You’re seeing them now , I wanted to tell her. We’re hoping to enlist you into their company . Instead I said, “Did you know Montgomery Clift was buried in Prospect Park?”

“Can you bring some mustard?” said Perkus stonily.

“Oh, right, you always have mustard, sorry!” Off Lindsay scurried to find some. I suddenly imagined what it might have been like for Oona Laszlo, in her glue-girl phase, apprenticed to a little tin god of guerrilla criticism, one not yet tempered by a decade of broadsider’s block. Even tempered he was obnoxious.

“Hey, Colonel Mustard,” I whispered. “You’ve really got her dodging bullets. Lighten up.”

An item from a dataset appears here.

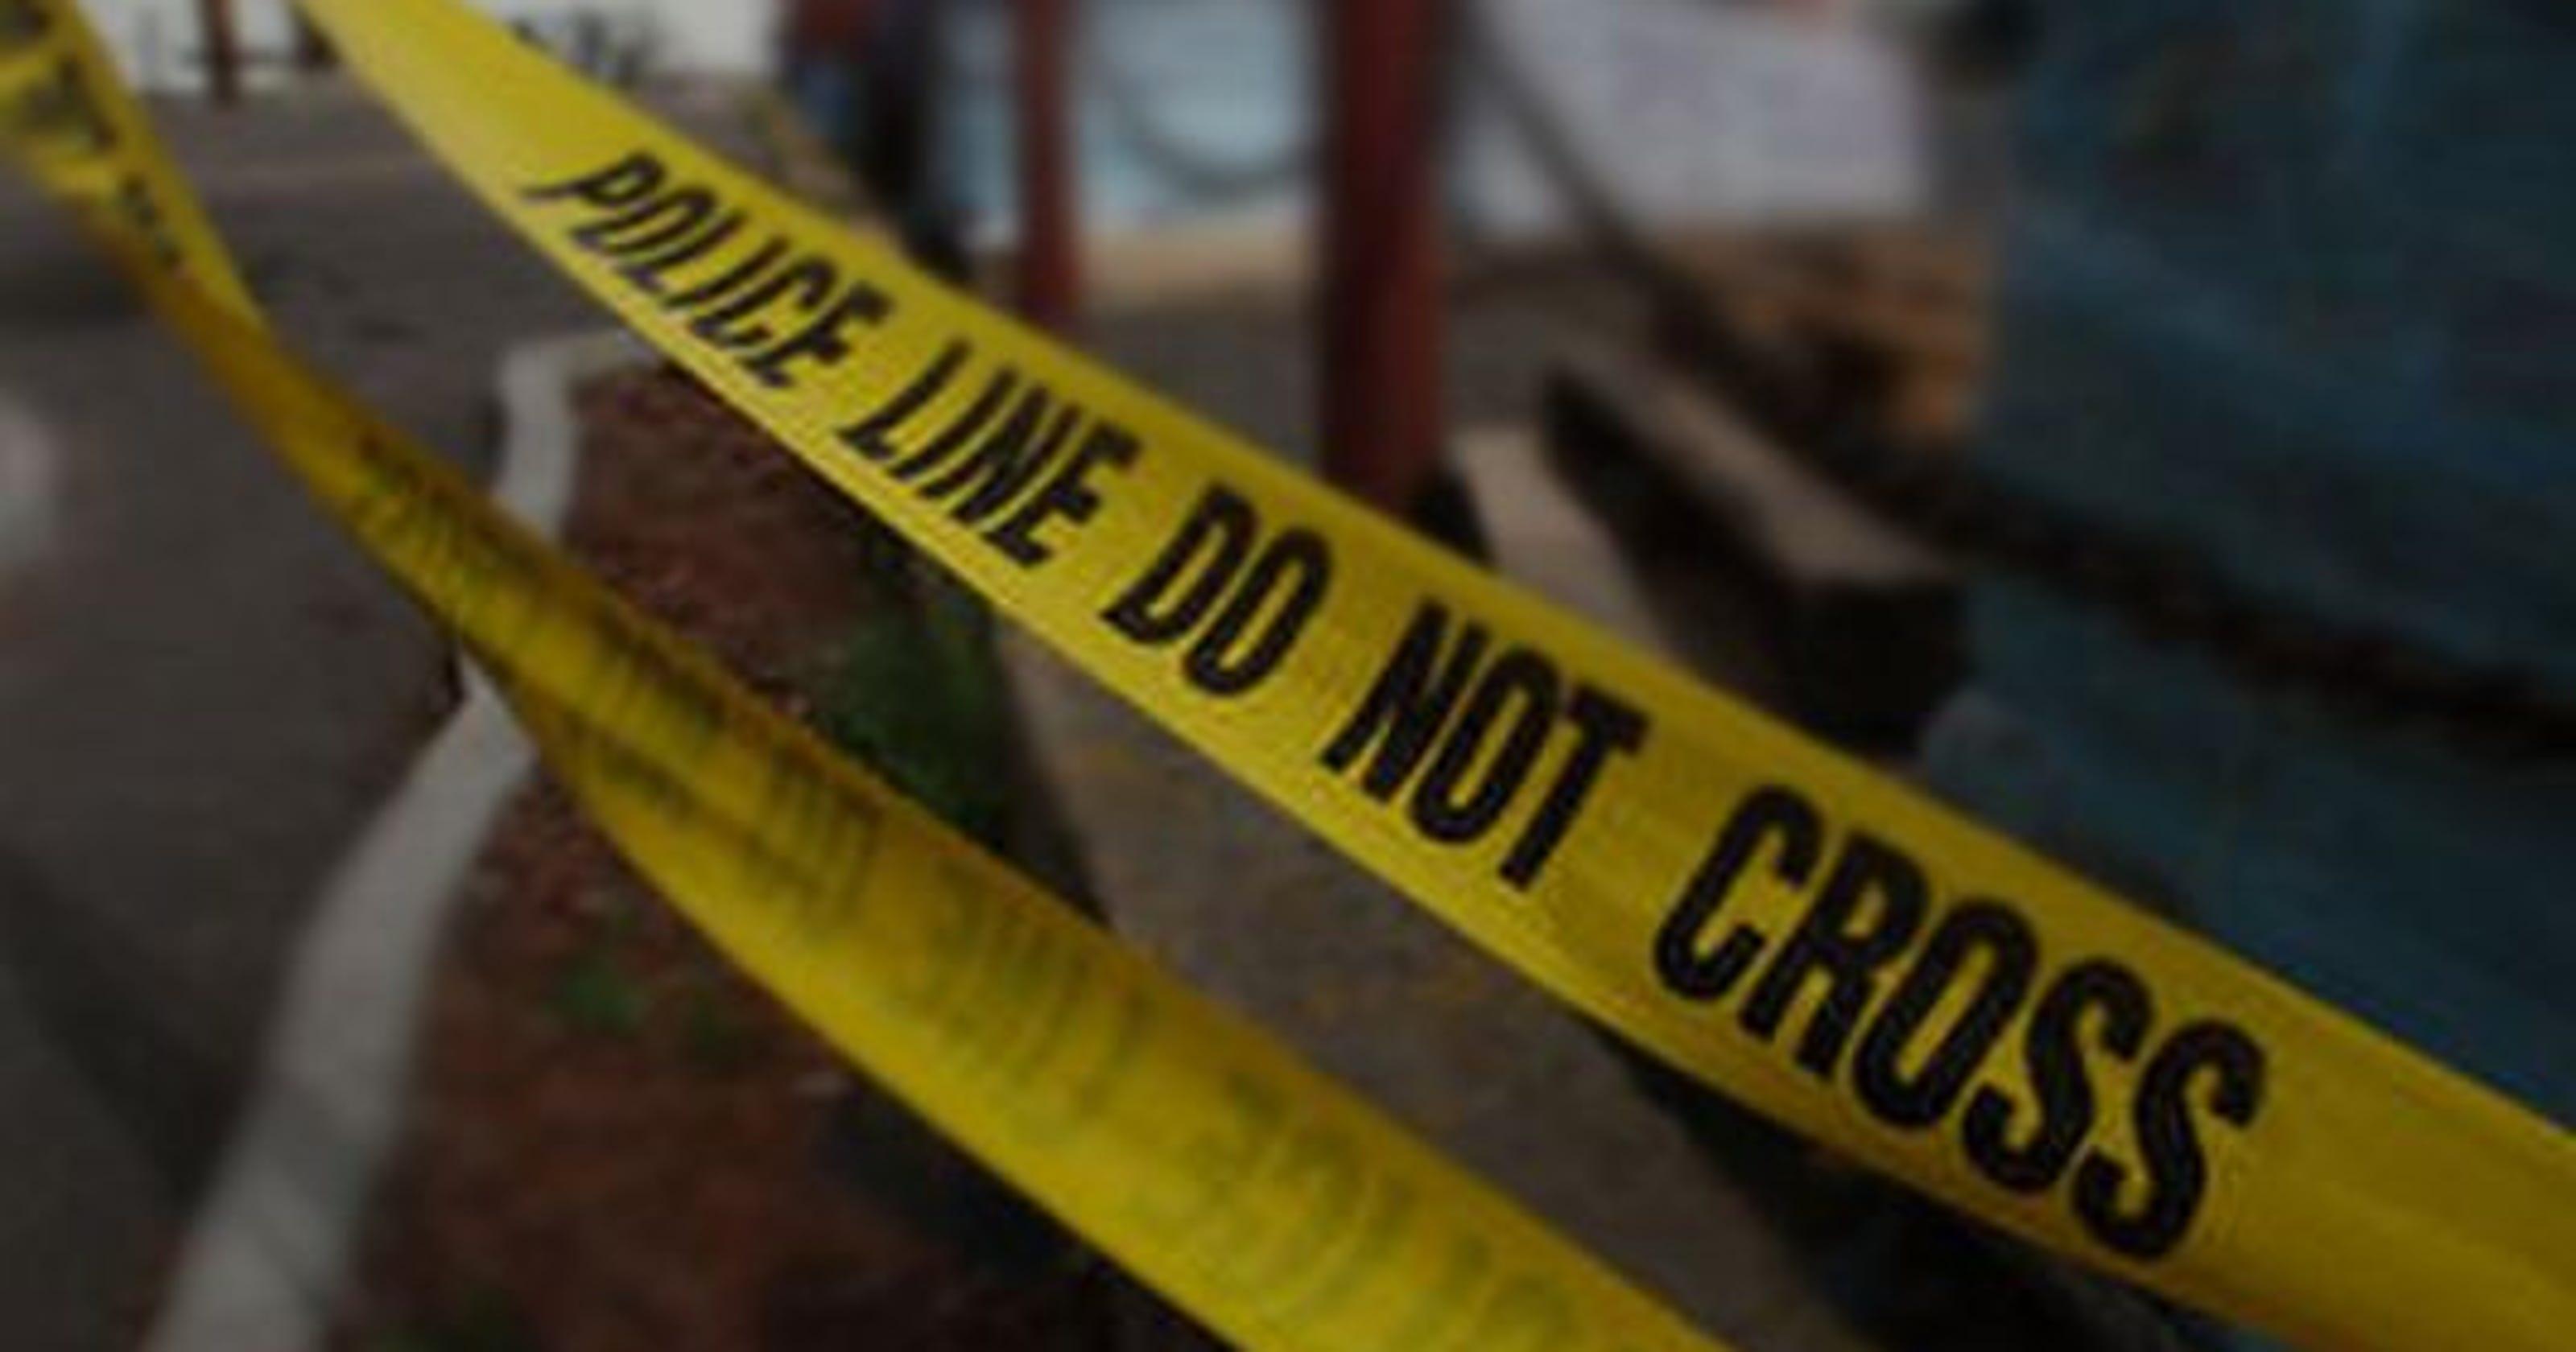 Deaths in car accidents increase in Colorado
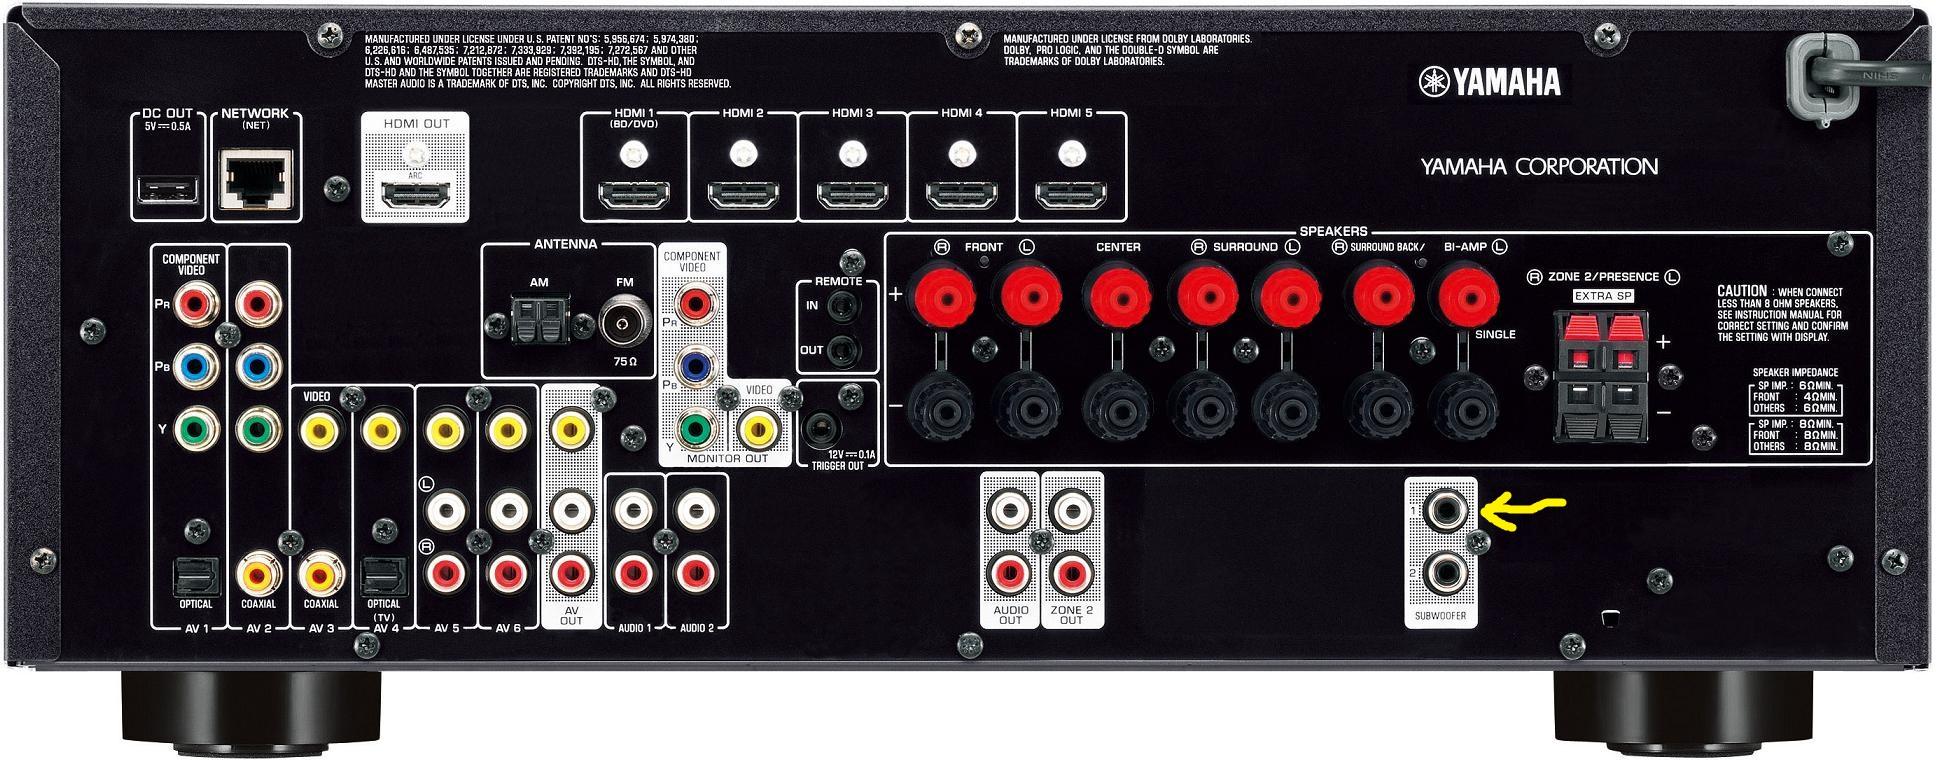 yamaha receiver rx v373 manual

Perkus only gritted his teeth at me, a cartoon of impotent rage. Lindsay returned with a ramekin of yellow mustard, and then gamely ignored the rotten vibes, which were as undeniable between us as the chocolate smell (unless, that is, you were immune to chocolate smells). “You’re… Chase Unperson, aren’t you?”

“Insteadman, yes, that’s me.”

“Sorry-Insteadman.” Lindsay slapped her forehead. She was shaping into one of the all-time apologizers. Perkus, meanwhile, was having a kind of fit. It was lucky his mouth wasn’t full, or bits of beef and bun would have flumed through his nose. “Un-person,” he sneezed in bitter hilarity. “Chase Unperson!” He still hadn’t looked at Lindsay directly, or what would pass for directly in his ambidextrous gaze.

“Funny,” I said, trying to absorb and neutralize Perkus’s hostility. Lindsay, I could see, was only going to take anything in the air between me and Perkus as her fault. Too late. The default deference in her role as waitress, given the obvious distress in Perkus, would prevail. She shrunk away, giving me a funny helpless smile. Perkus and I were left to the travesty of our steaming mounds of food, spoiled under clouds of chocolate and ill manners, spoiled, really, under Perkus’s outright and indignant fury. It helped nothing that we’d been there, in our regular booth with our regular order, so often before. Hemmed in by ghosts of our more innocently garrulous selves, the days of the discovery of our friendship, early September, felt like years ago now. We gnawed the cheeseburgers despondently, under the regime of all we couldn’t say.